The Fed proposal consists of measures specifically aimed at higher-cost sub-prime loans for people with poor credit, as well as broader rules that would apply to all home loans. The measures were released for a three-month public comment period, after which the Fed could adopt them with or without revisions.

For all loans, mortgage brokers would be required to disclose in writing whether they received "yield-spread premiums," or bonuses for selling loans at interest rates that were higher than a borrower qualified for.

Consumer activists said the measures were a step in the right direction but didn't go far enough.
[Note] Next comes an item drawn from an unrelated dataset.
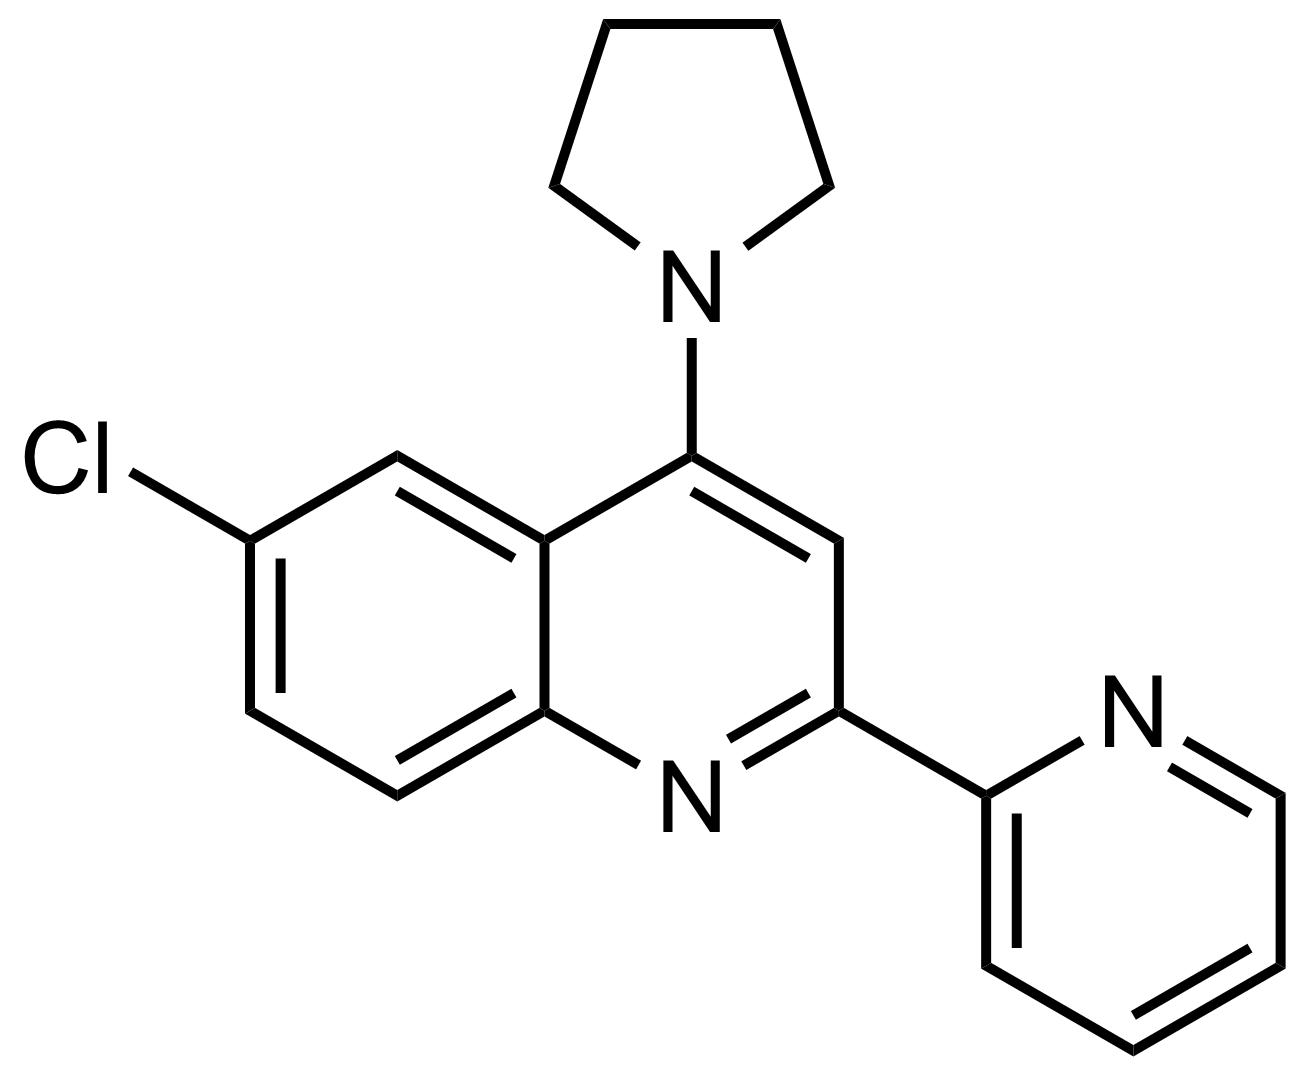 Structure of 6-Chloro-2-(pyridin-2-yl)-4-(pyrrolidin-1-yl)quinoline

For example, borrowers who suspect their lender broke the rules would have to prove "a pattern or practice" of abusive lending, noted Kurt Eggert, a professor at Chapman University's law school in Orange and a member of the Fed's Consumer Advisory Council.

"To prove what the lender's real policy is, a borrower would have to examine potentially hundreds of loan files, while the lender would be screaming about privacy for other borrowers," Eggert said. "This could be an insurmountable burden."

In announcing the new measures, Fed Chairman Ben S. Bernanke said, "Mortgage market discipline has in some cases broken down, and the incentives to follow prudent lending procedures have, at times, eroded." The proposed rules, he said, aimed to prevent improper lending without "unduly restricting mortgage credit availability."

Sheila C. Bair, chairwoman of the Federal Deposit Insurance Corp., described the rules as "clear, balanced, common-sense standards" and noted that they would apply to brokers and independent lenders rather than just the national banks watched over by U.S. financial regulators.